What is the problem with the rvalue reference of c++14?

Now there are several structures:

typedef struct _INFO_HEAD{U_INT src_ip;u_int dest_ip;u_int src_port; u_int Dest_port;} info_head;typedef struct _pkt_info{u_long sec;u_long u_sec;u_int pkt_size;u_int pld_size;} pkt_info;typedef struct _PKT {Info_head head;pkt_info info;} Pkt

Although these structures are made up of basic types and do not involve dynamic memory management, the volume is indeed a bit. Where Info_head is 16 bytes and Pkt_info is 24 bytes, then a PKT is 40 bytes. This is just the case on a 32-bit machine.

Then we came across a class that uses the list container to store variables of multiple PKT types.

Class Pkt_list{public:static list< pkt > head_to_pkt;public:static int append (const info_head &, const PKT_INFO &);};

Let's implement the Append () function.

int pkt_list::append (const info_head &head, const pkt_info &info) {PKT Tmp;tmp.head = Head;tmp.info = info;head_to _pkt.push_back (TMP); return 1;}

　　Since PKT only contains basic types, it is good to use it directly, without new, and without worrying about memory management.

Here we see the first question, in order to combine a set of variables of type Info_head and Pkt_info into a variant of the PKT type, you must re-assemble a variant of the PKT type. That is, the memory already has 16B Info_head and 24B Pkt_info, but also use 40B to store and the previous pair of variable values exactly the same type of PKT variable. Although there is a suspicion of wasting memory, but this is not to be avoided, because we can not guarantee that the previous two 16B and 24B things together. So it's not really a waste.

But then another problem is that when you move the PKT type variable into the list<pkt>, the memory is copied once again. Because TMP disappears after the APPEND function ends, it's natural to want to keep the variable in the List<pkt> head_to_pkt, and then copy it.

So, we've used 120B of memory to save the same piece of data. This is indeed a very wasteful move. But there was nothing we could do before c++14.

The concept of rvalue reference, also called move semantics, is proposed in c++14. Concrete how a meaning does not say, directly say the effect, that is can save 40B of overhead. But how did this happen? It is simple to simply move the second 40B directly into the container and not copy it again. So, List<t>::p ush_back (t&); it should be another more efficient version, that is List<t>::p ush_back (t&&);. In general, STL has a rewrite.

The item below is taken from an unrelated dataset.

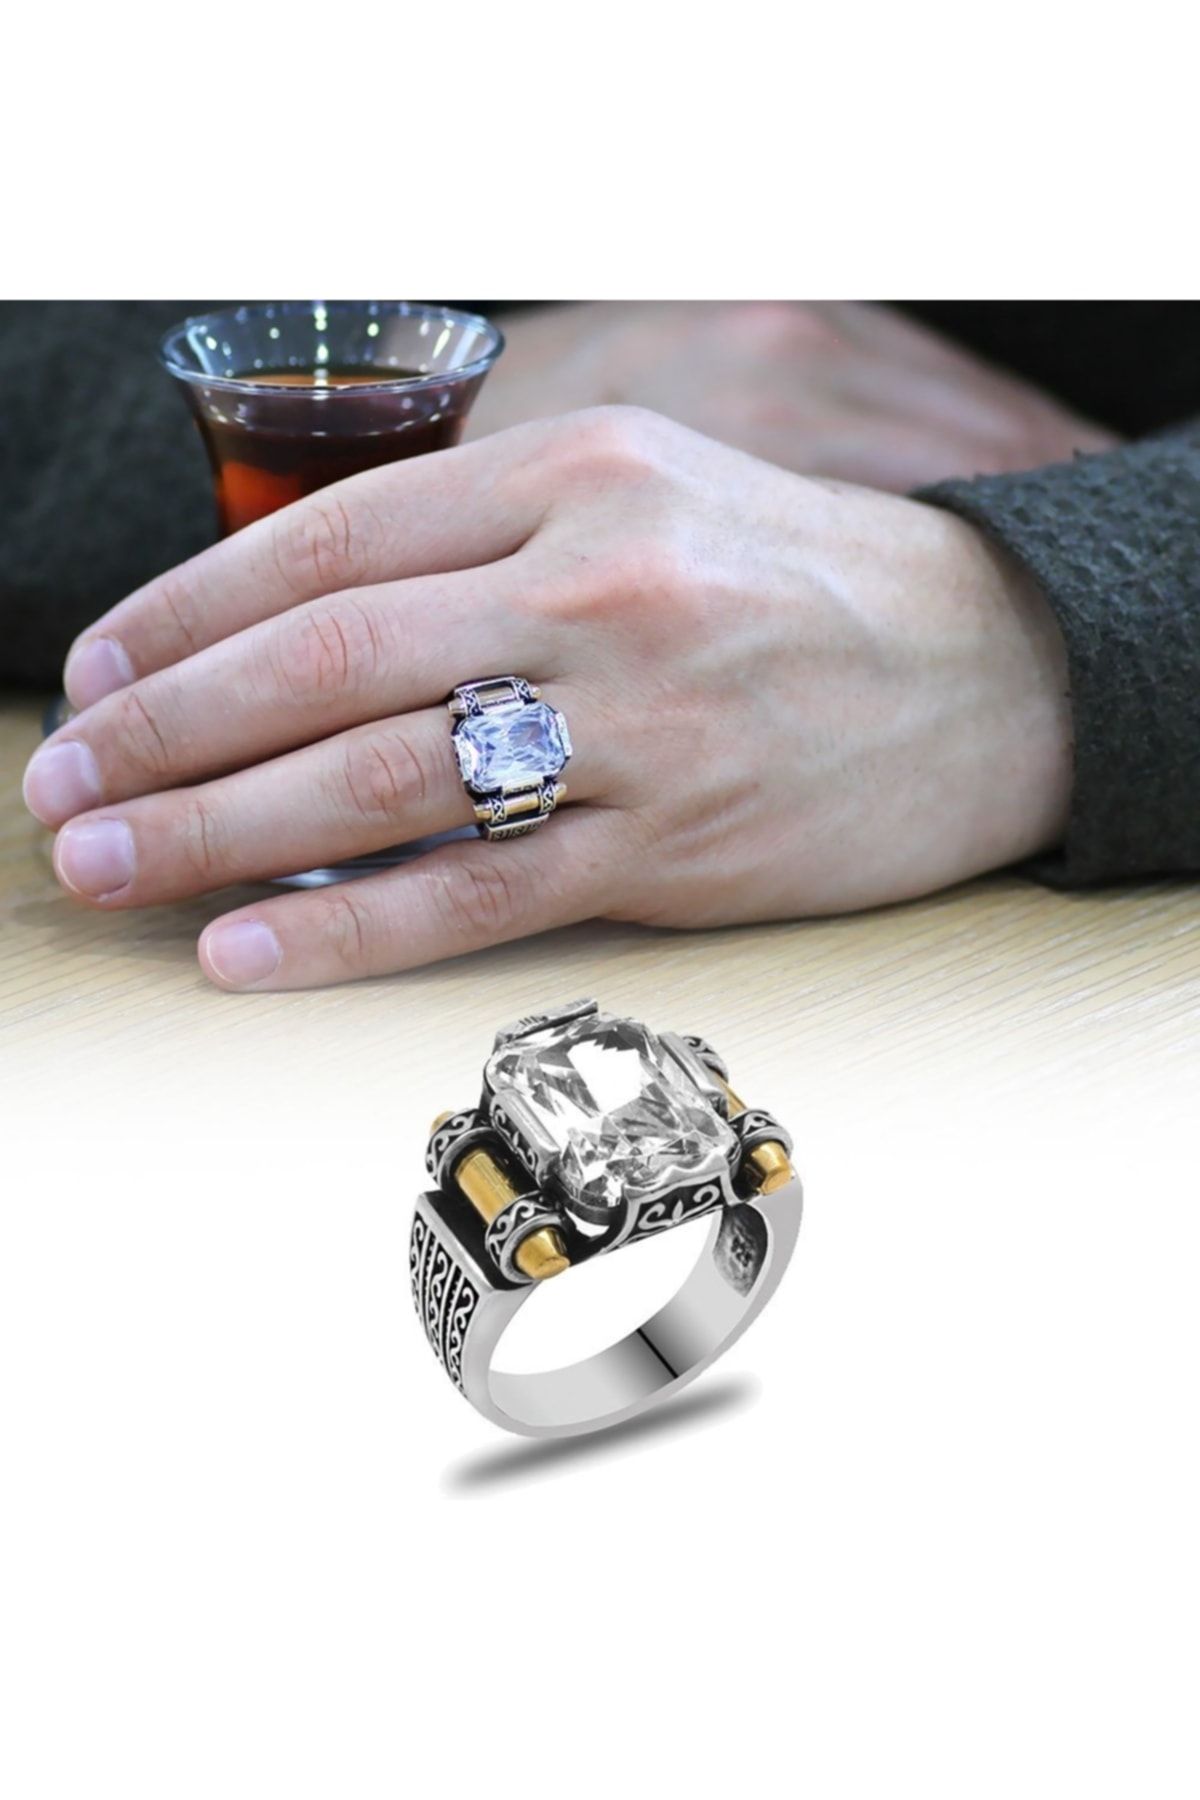 Tesbihane Beyaz Baget Taşlı Avangarde Tasarım 925 Ayar Gümüş "şah Cihan" Yüzüğü

Next, in order to use the second version of the Push_back function overload, we must write in the parameter list as the right value of the nameless variable, but if a register variable tmp has been used, then the cost of the 40B is no matter how to save, so TMP has a name, It's not the right value anymore. To get a nameless variable of the PKT type, it is necessary to write a constructor again for PKT. After the whole change, it's probably like this.

Class Pkt{public:pkt () {}pkt (const info_head &h, const pkt_info i): Head (h), info (i) {}info_head head;pkt_info info;};.. . int pkt_list::append (const info_head &head, const pkt_info &info) {head_to_pkt.push_back (PKT (head, info));//w ITH move semantics version being used, it works.  return 1;}

Ok. summed up so much.

What is the problem with the rvalue reference of c++14?